Convergence is foundational. Regulators can work toward harmonization while acknowledging that they might not achieve uniformity in all areas, especially in the early stages of collaboration. In this context, industry representatives very much welcomed the announcement that the ICH management board has accepted a proposal to develop guidelines relating to RWE and asked how this work can be accelerated.

Convergence is also the right path forward to finding common ground on such foundational issues as scientific rigor, data quality, and interpretation of evidence. The key focus of harmonization and convergence should be on aligning core concepts and principles while accommodating national and regional nuances, while recognizing that uniformity may not always be feasible. There is a need to move beyond definitions and keep moving forward with practical solutions in terms of how RWE is used in national, as well as international, healthcare decision-making.

MHRA in the UK has shared its vision for RWD and RWE playing an integral role in their regulatory decision-making, and noted that the need for collaboration on this topic was factored in during the development of their guidance.

RWD and RWE are already contributing to regulatory decision-making in Germany, where health data labs (HDL) have been created and will soon be accessible to researchers, including industry. The main focus of HDL is to provide insurance claims and electronic health records (EHR) data for secondary use to optimize the research process, enable RWE research, and support regulatory and advisory activities. It emphasizes the importance of deep knowledge about data-generating processes and the requirements of researchers. Alongside this effort in Germany, other ongoing pilots are helping to pave the way, as all EU countries prepare for implementation of the European Health Data Space (EHDS).

EMA’s workplan for enabling the safe and responsible use of AI is shown below.

Lessons Learned from ICH M14

One recent industry exercise assessed and contrasted EMA, FDA, and ICH M14 guidelines (“General Principles on Plan, Design and Analysis of Pharmacoepidemiological Studies That Utilize Real-World Data for Safety Assessment of Medicines”) in terms of data accuracy, completeness, reliability, representativeness, and other relevant criteria, and generated a call to address the impact of inconsistent data quality frameworks and key considerations for harmonizing them.
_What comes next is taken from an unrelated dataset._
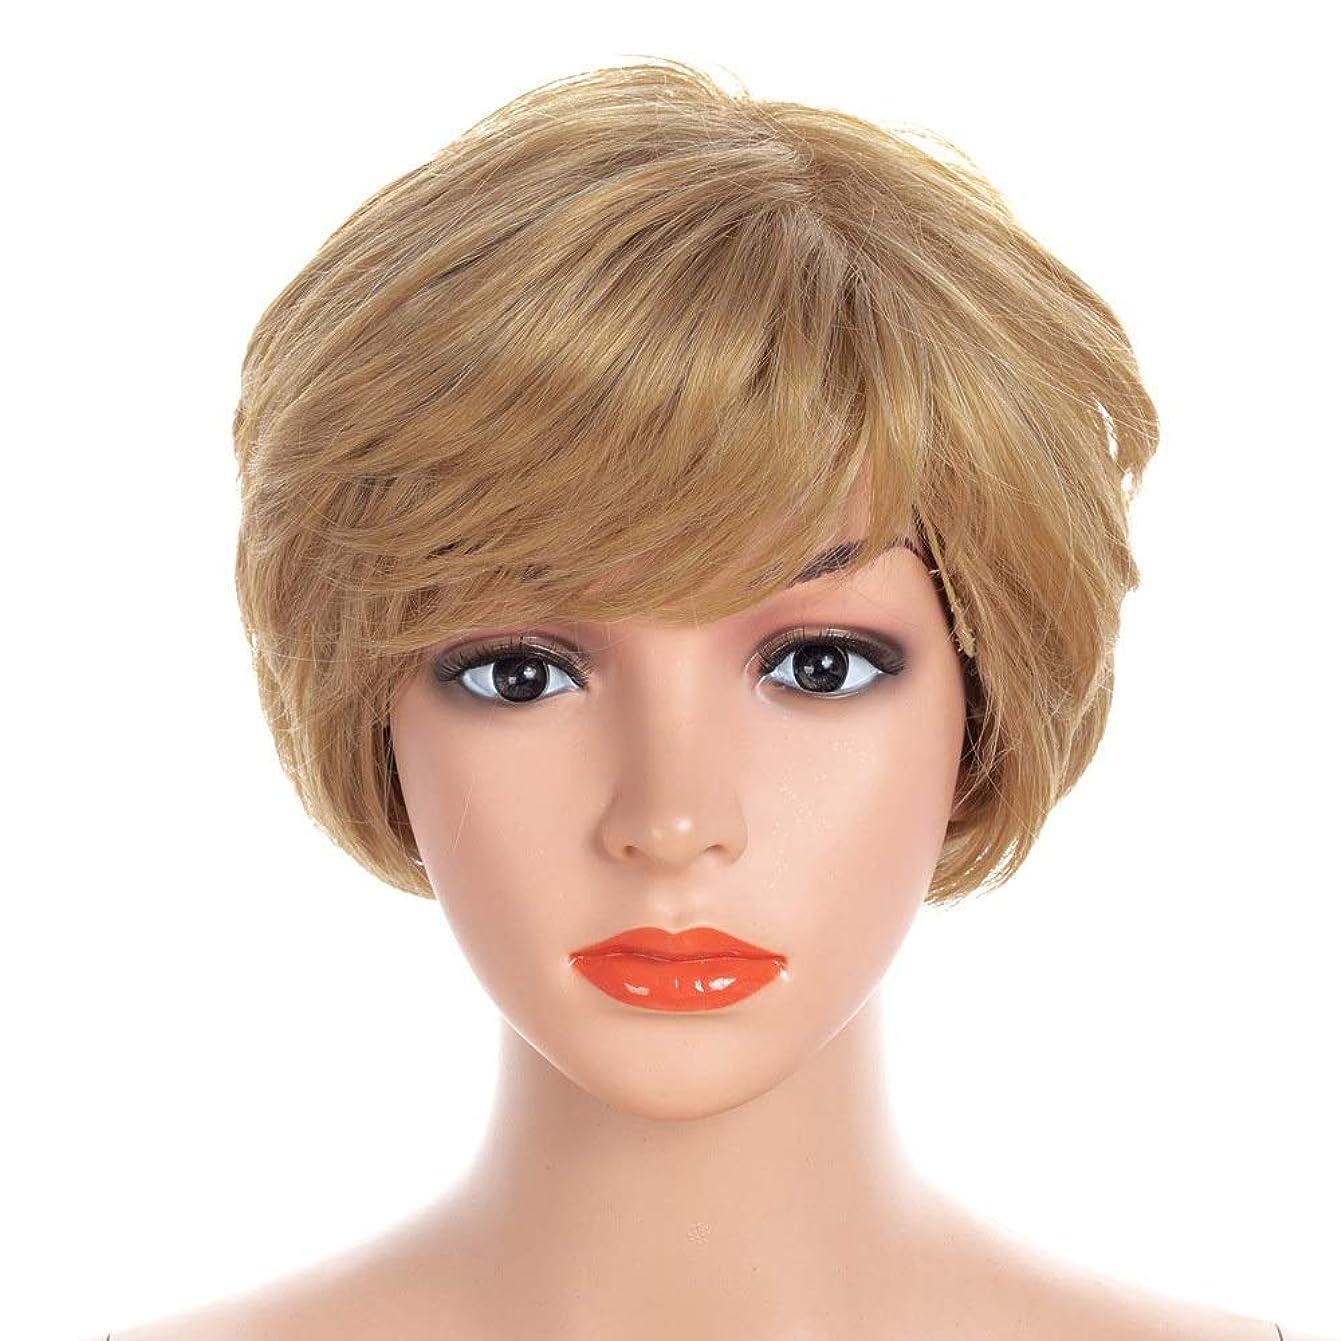 悲鳴航海のバタフライIsikawan 無料のヘアネットコスプレパーティードレス付き人工毛ボブショートカーリーブロンド (色 : Blonde, サイズ : 30cm)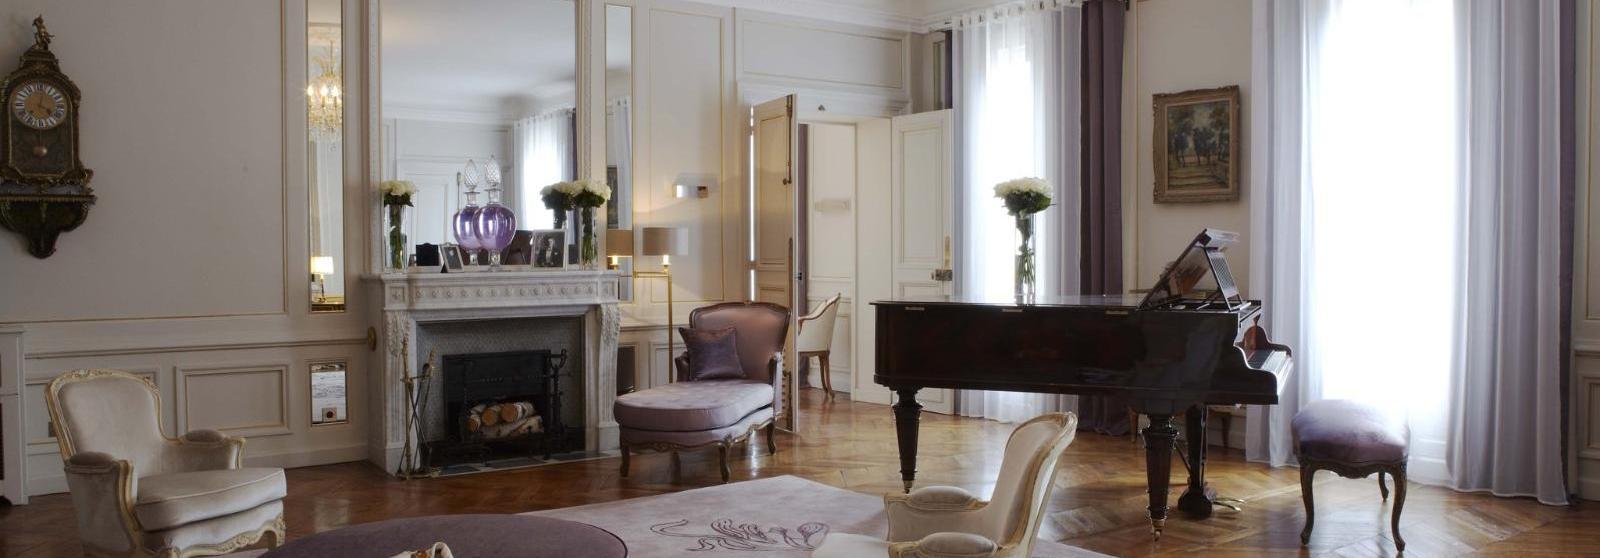 兰卡斯特酒店(Hotel Lancaster) 玛莲娜·迪特里茜套房起居室图片  www.lhw.cn

A complementary presentation identified use of RWE for efficacy and effectiveness in public assessment reports from regulatory and HTA bodies (86 submissions across 11 authorities) to identify research methods that most closely correlated with RWE acceptability.

One member of the ICH M14 working group has noted that the original authors heavily based their initial work on North American and European guidelines and were unintentionally excluding other regions; more countries were involved as the process moved forward. Flexibility and focus are essential: flexible enough to incorporate diverse requirements across different jurisdictions while developing guidance; and focused on the overall framework and principles, but not on too many details, such as specific study designs. Pairing up reviewers from different agencies in subgroups has proven successful in adjudicating comments to this guideline.

Conclusions

These common themes are emerging across Europe in the use of RWE and AI in clinical research and drug development:

• Enabling the use and acceptance of both AI and RWD/E requires high-quality data, transparency, and traceability, which in turn will lead to improved predictability and trust in the data.
• Major advances in AI and RWE alongside increasingly adaptive evidence-generation pathways will be particularly beneficial to underrepresented populations, such as WoCBA, and will allow them to participate earlier in the development cycle of new medicines.
• As AI and RWE become more embedded in drug development, regulators and drug developers continue to upskill their workforce, while it is expected that the content and structure of dossiers will remain the same (e.g., aligning with the CTD structure). Progress toward globally aligned regulatory frameworks for RWE and AI is very much welcomed by all stakeholders.